Mission Bio announced on Dec. 13, 2018 that it has received $30 million in Series B funding from investors that include Agilent Technologies, Cota, and LAM Capital, to develop its Tapestri platform, which was first introduced in 2017. The company, a spinoff of the University of California (San Francisco), sees this as a vote of confidence in a technology that was developed to help improve the precision of precision medicine. Mission has raised more than $50 million in funding so far. 

By drilling down to the genomics of the individual cell, Tapestri can offer greater insights into mutations and the progression of diseases such as cancer, the company said in a press release. “It offers a molecular profile of each cell, permitting a closer assessment of genetic diversity, and allowing detection of rare diseased cells that may persist after treatment,” according to the release. 

The result is a more precise analysis than offered by commercial next-generation sequencing platforms that take an average reading of all the cells in an individual patient’s sample. The platform, which includes an analytical instrument and software and consumables, is being developed for blood cancers, solid tumors, and genome editing applications.

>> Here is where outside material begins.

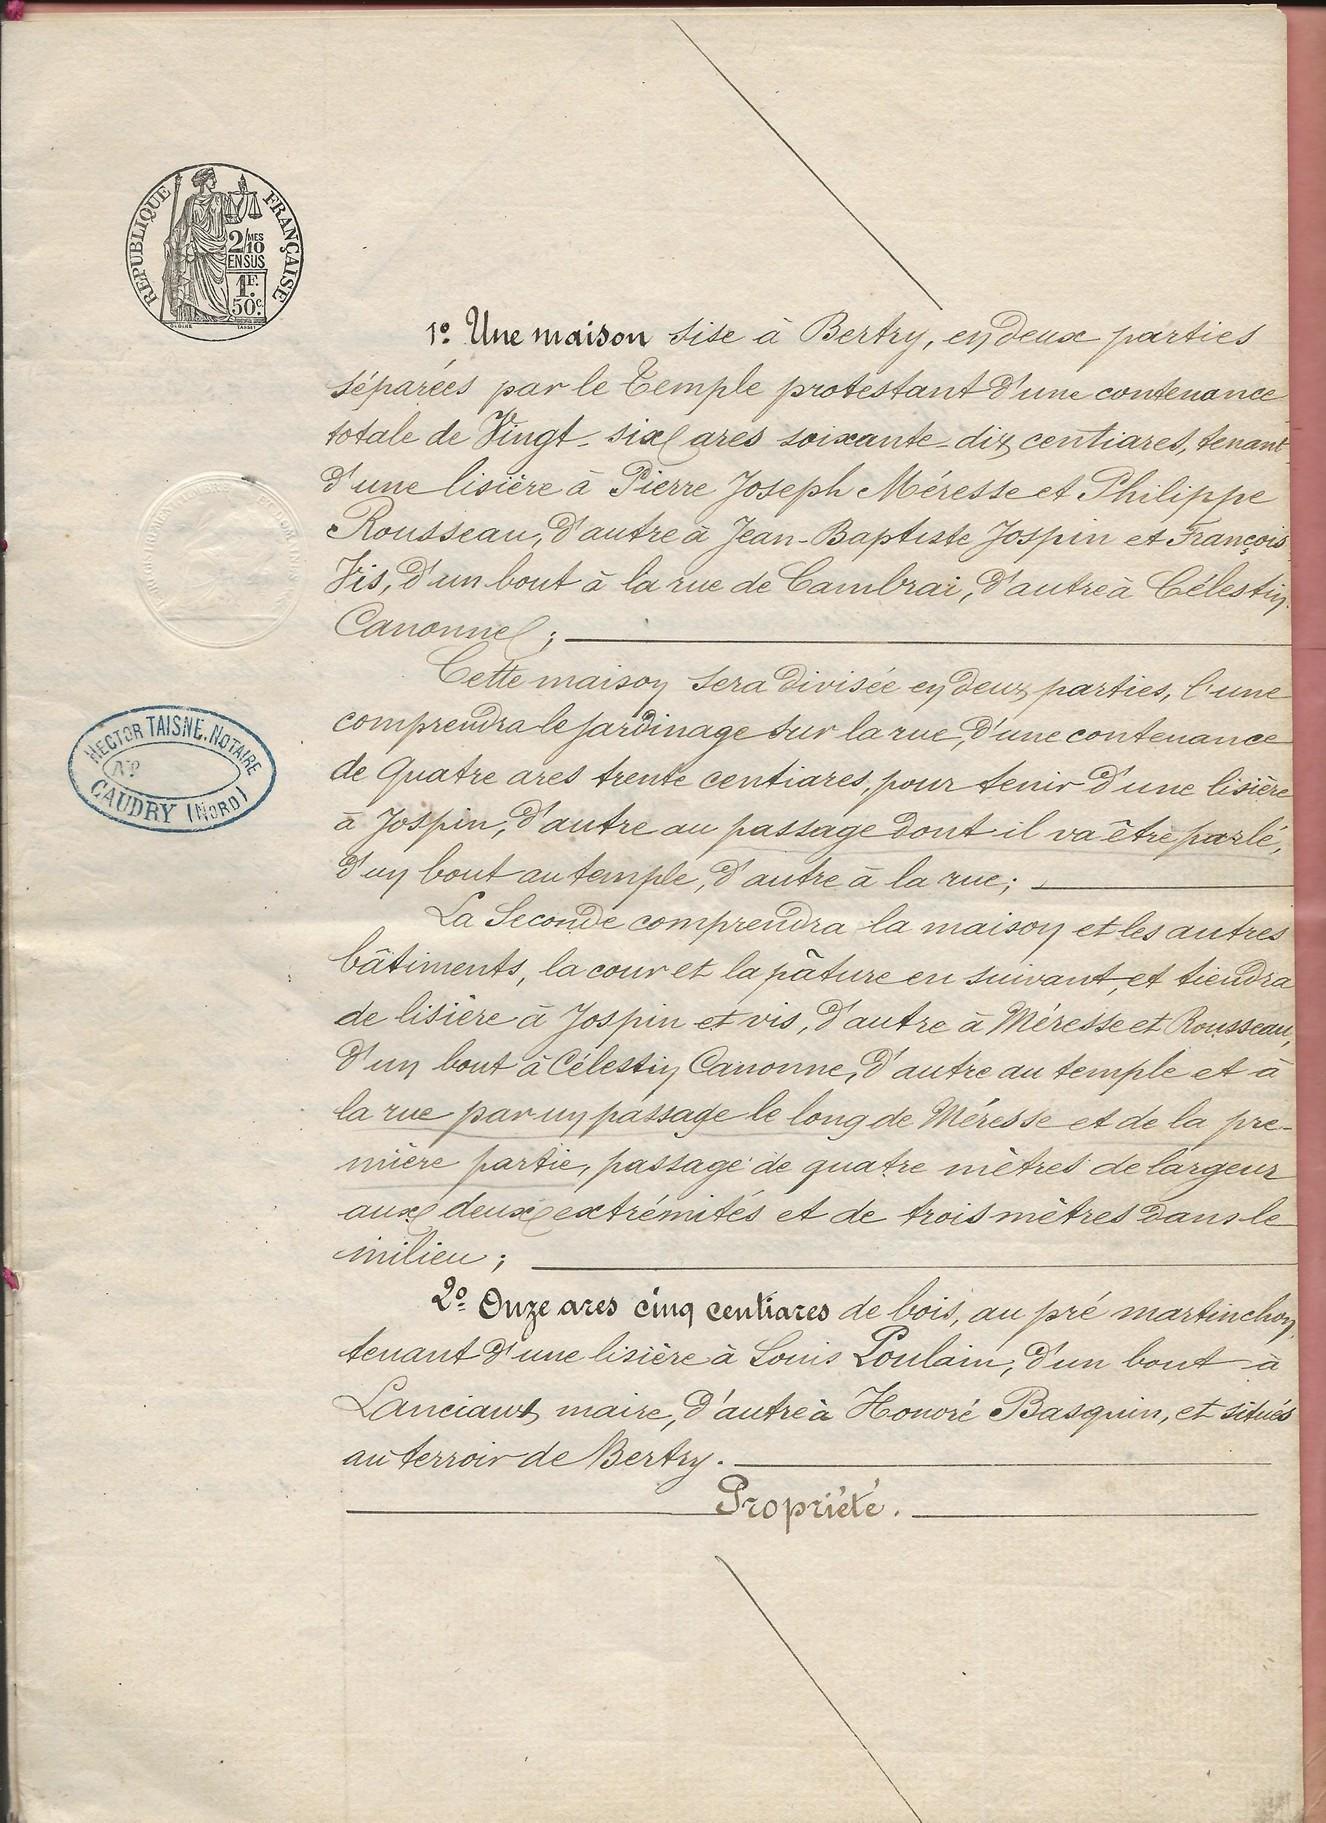 1854 vente adjucation vve poulain haimel a jeremy poulain 003

So far, company executives say, Tapestri users have sequenced more than 1,000,000 blood cancer cells, and this volume is expected to grow 10-fold over the next six months.

Mission Bio executives also note that the platform offers significant improvement in sensitivity. Tapestri allows researchers and clinicians to analyze tens of thousands of individual cells in parallel, according to the press release, and is 50 times more sensitive than traditional next-generation sequencing techniques.  In addition, it allows for single base pair resolution, unlike other single-cell DNA approaches, which offer resolution in the megabase (i.e., millions of base pairs) range.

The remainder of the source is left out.